One view is represented by Irwin (Stephen Campbell Moore), a hotshot young tutor and symbol of Thatcher-era go-getter mentality, hired by the school to scrape away the rust of received opinion from the students’ thinking so that their answers to test questions will have more “edge.” On the other side is Hector (Richard Griffiths), the poetry-spouting, eccentric teacher of general studies. An obese, 50-something school fixture (imagine a squishier, teary-eyed Charles Laughton or Peter Ustinov), Hector cares deeply about how knowledge is applied to life. A married homosexual, he might be described as Mr. Chips With Kinks.
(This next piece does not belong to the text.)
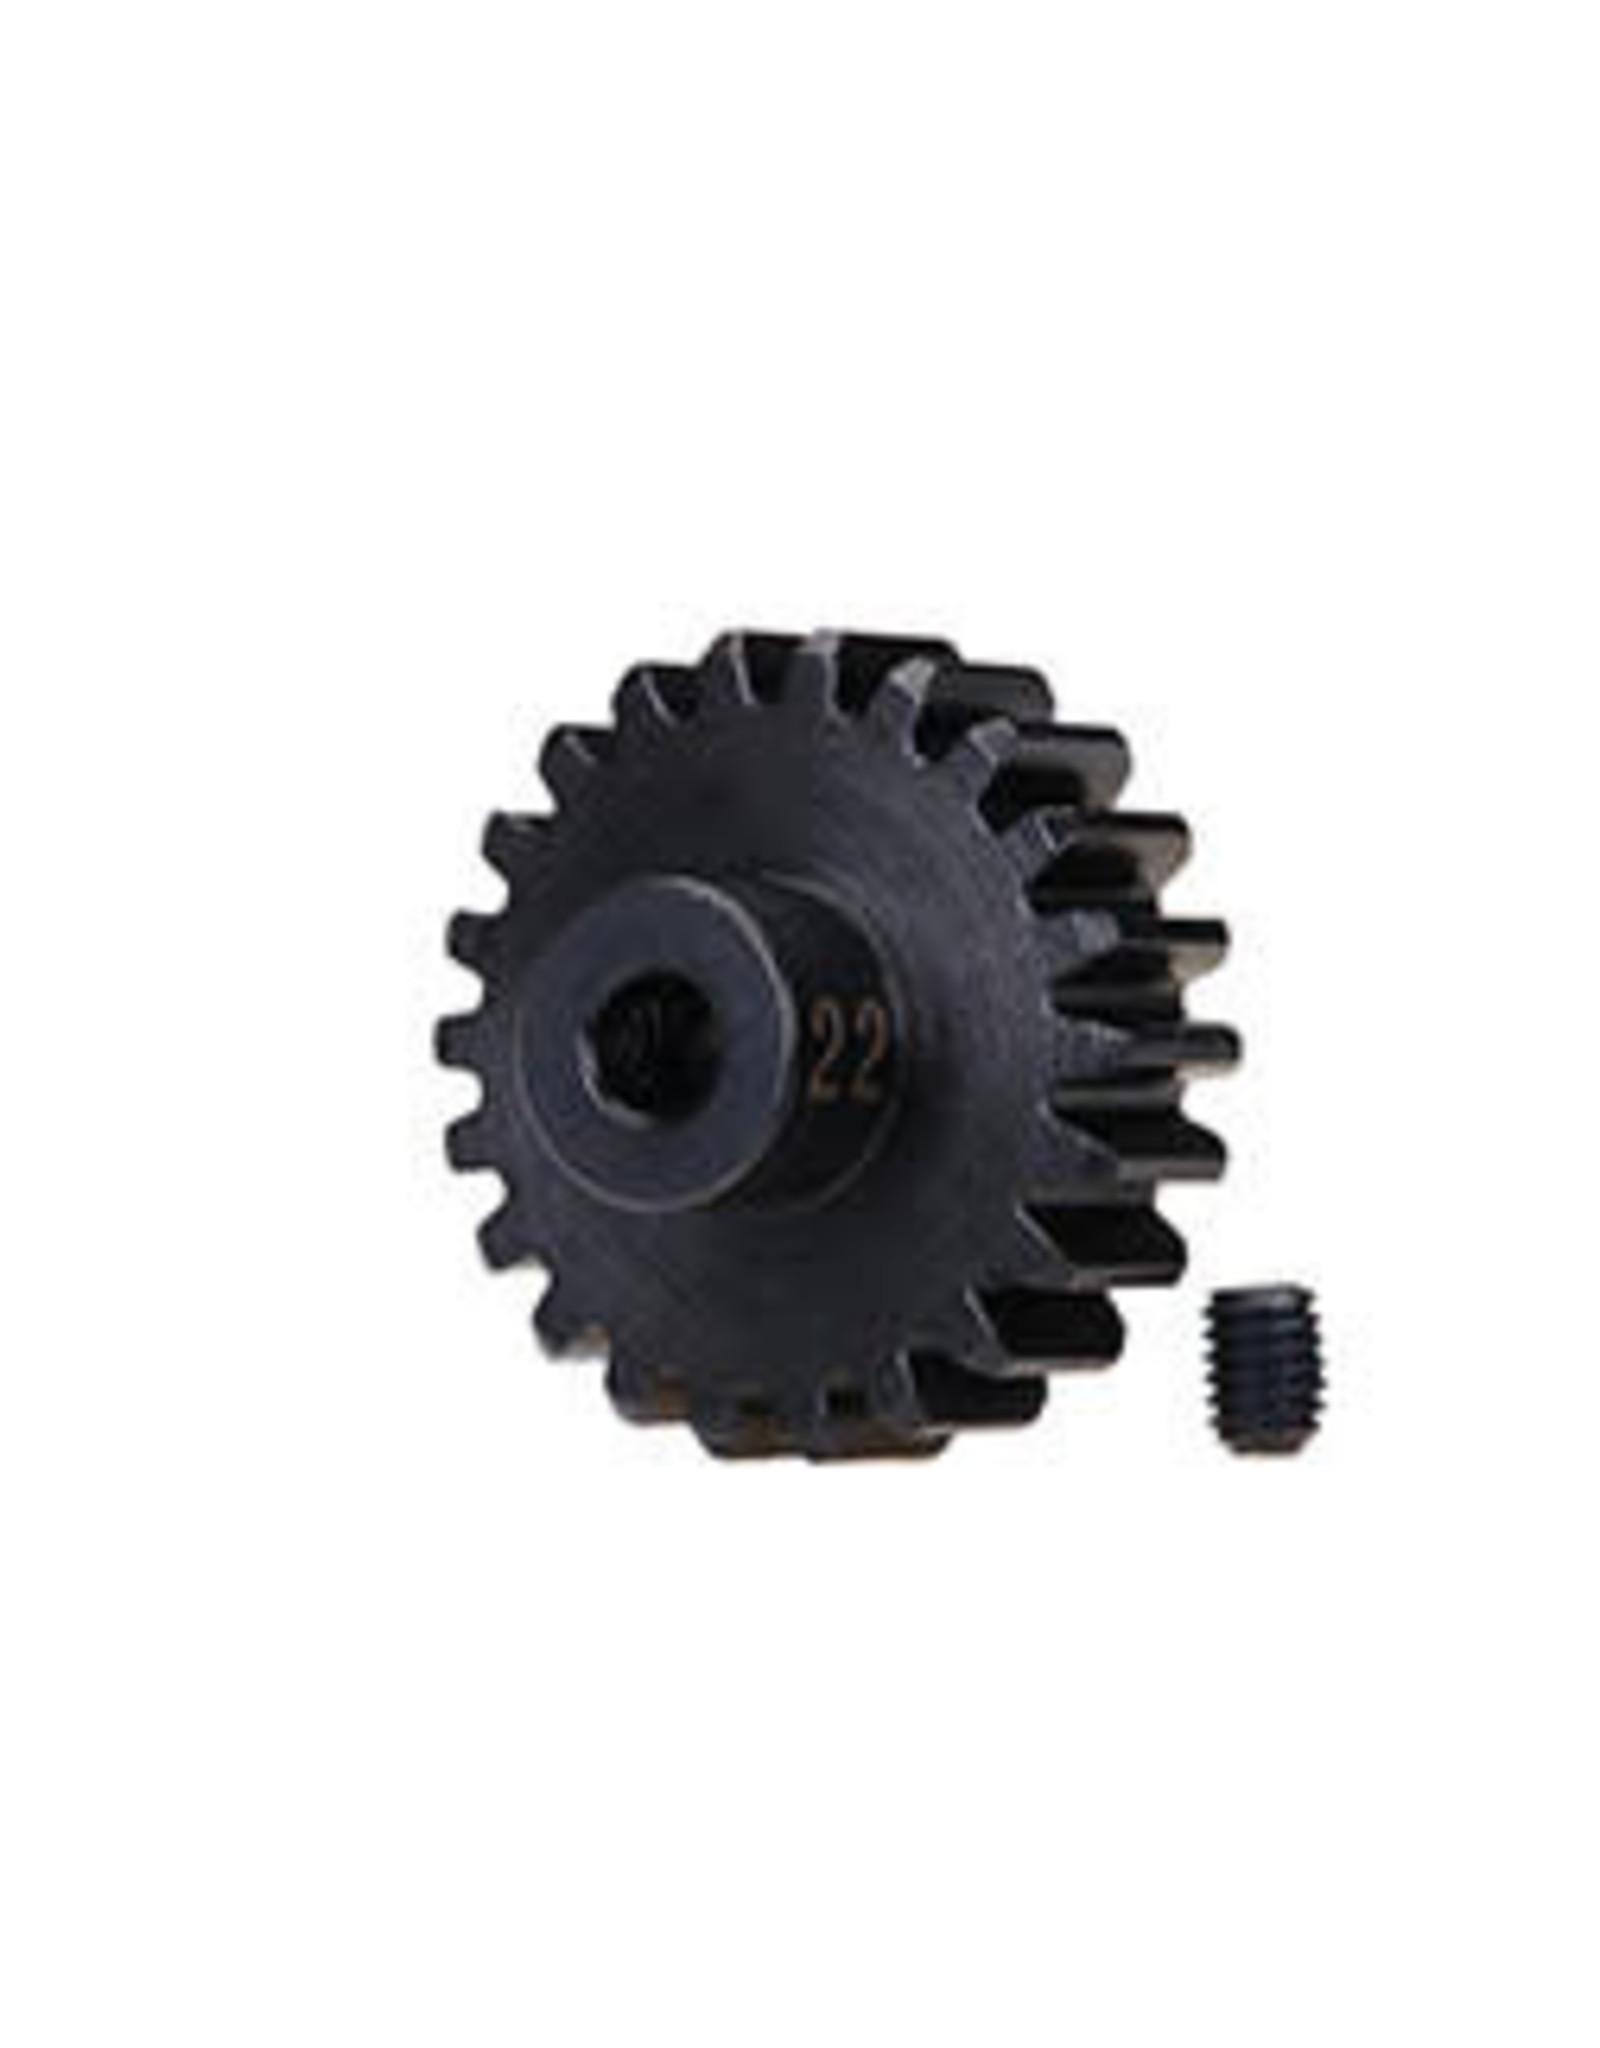 Traxxas [Gear, 22-T pinion (32-p), heavy duty (machined, hardened steel)/ set screw] Gear, 22-T pinion (32-p), heavy duty (machined, hardened steel)/ set screw

His pure idealism is measured by his response to a student during a discussion of the Holocaust. When the boy reels off a quote from Wittgenstein — “Whereof one cannot speak, thereof one must be silent” — Hector scolds him for glibness and for treating the words as “a dinky formula.” A true believer in the humanizing power of education, Hector subscribes to the academic credo of A. E. Housman: “All human knowledge is precious whether or not it serves the slightest human use.”...

For all its delights, “The History Boys” is not a world-changing work of art. It is exactly what Irwin calls history: entertainment, a scintillating contrivance that is only as good as its epigrams. Below the surface lies a gooey custard filling.